Use phrases like “I’m looking forward to a wonderful night’s rest, and a positive, glorious day tomorrow!” or “I’m welcoming this being awake and am grateful for the wonderful, restorative sleep I will soon enter…” etc, to plant seeds for good outcome in your mind.

Dr Wayne Dyer recommends that we use two verbal techniques to help us be at peace:
- Repeat words like Serenity, Calm, Peace, Joy, Tranquillity, Abundance [etc] until you feel good
- Say “I want to feel good!”, followed by “I intend to feel good!”

Remember, your words [and thoughts] create your reality!

To learn more about this, read books on positive thinking, or watch the commercially available DVD of The Secret.

There are also many “releasing” techniques:  Find a therapist or life coach who is trained and experienced to help you to release whatever habits or experiences are interfering with good sleep.  Most of us really do not need medication in order to have fantastic sleep!  If insomnia is interfering with your ability to be happy and successful, it’s certainly worth the investment to see someone competent who can help you professionally.  When people prioritise health, all other aspects of their lives tend to improve dramatically also, at little or no further cost.

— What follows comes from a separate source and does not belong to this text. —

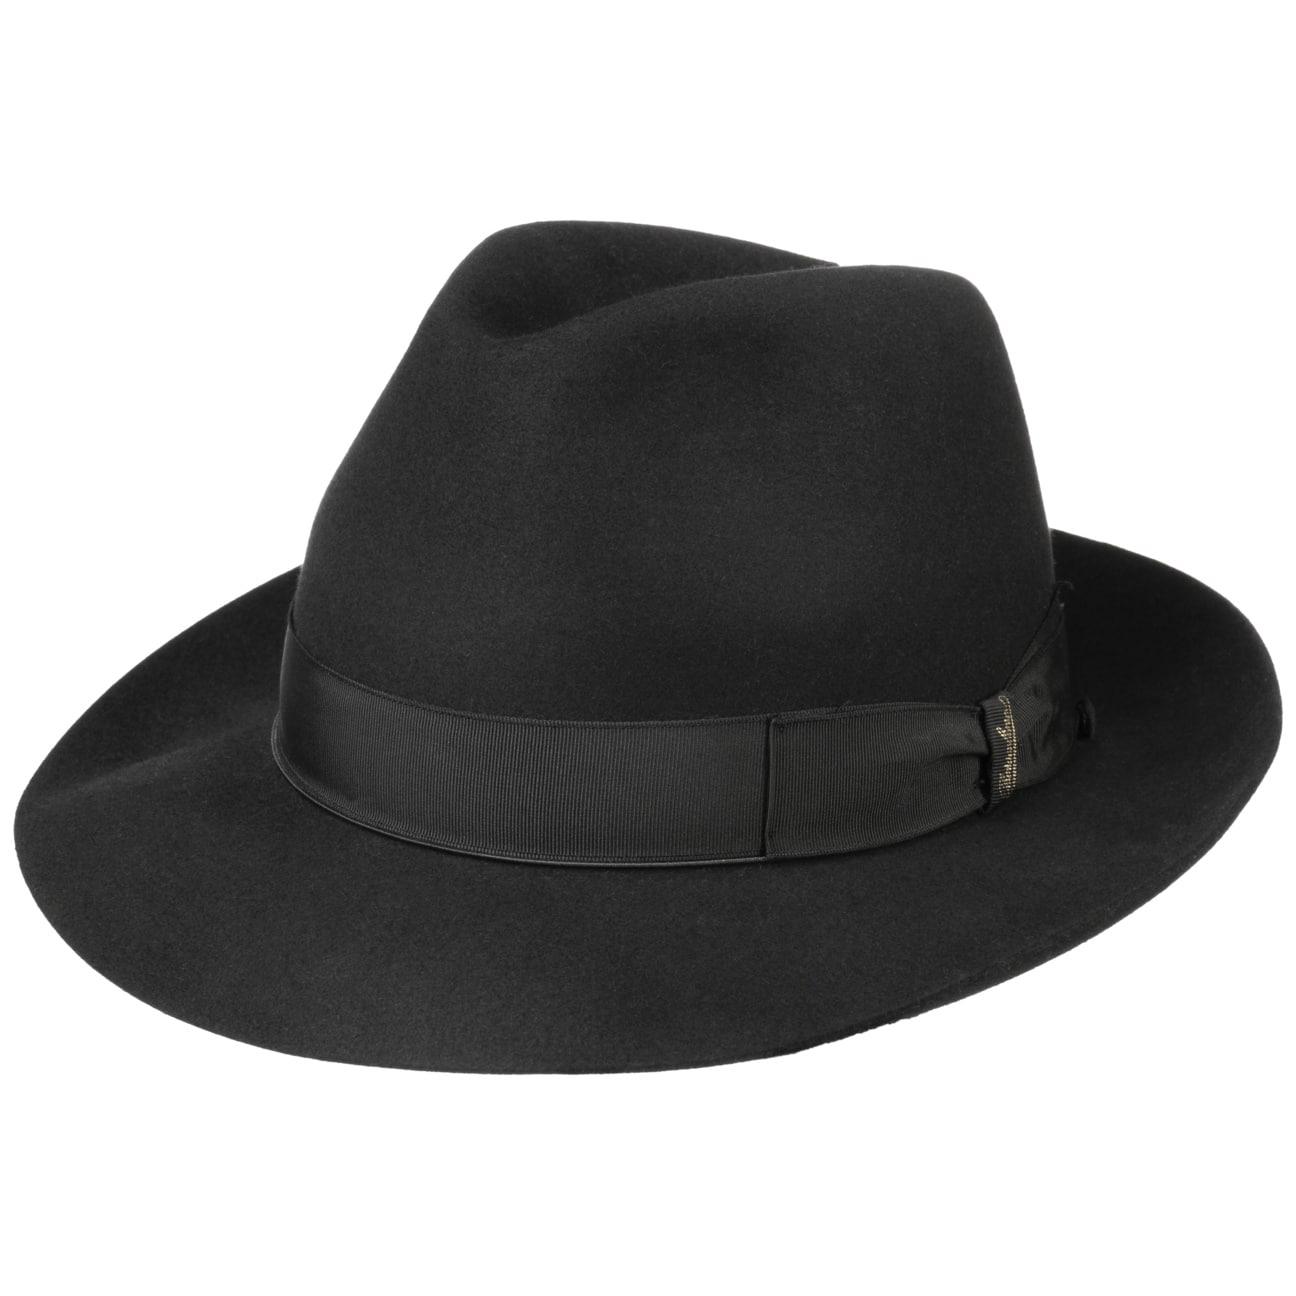 borsalino hat classic gbp 363 95 hats caps beanies

This technique was Presented by Reinette Steyn to the Psychology (PsySSA)Conference in Cape Town on 13 Aug 2009.

Whether big or small, Trauma has always implied disruption of our sense of being “OK”.

The German word Traum means Dream, suggesting an experience in Dream State, or Nightmare, if you will.  Traumatic experiences generally have dream state power: symbolism, irrationality, unpredictability, polarised effects, and 2-dimensional characters – good or bad, victim or perpetrator.

Psychoanalyst Melanie Klein held that the Imagoes or mental representations we create of people who have in some way damaged us, are far fiercer and more relentless than the real life people on whom they are based; they are indifferent to all others’ pain or even delight in it.

I believe the same holds true for damaging or threatening events or experiences in general. 

They seem one-sided and overpower us with their unmittigating attack – Nightmare stuff.

The counter-balance for a nightmare, with all its vivid imagery, movement, unpredictability, and frenetic action, can’t be just a calm dream.  We need a similar strong arousal level as that of the trauma or nightmare experience, one that would stimulate the release of large quantities of positive neurochemicals to neutralise or displace the negative ones.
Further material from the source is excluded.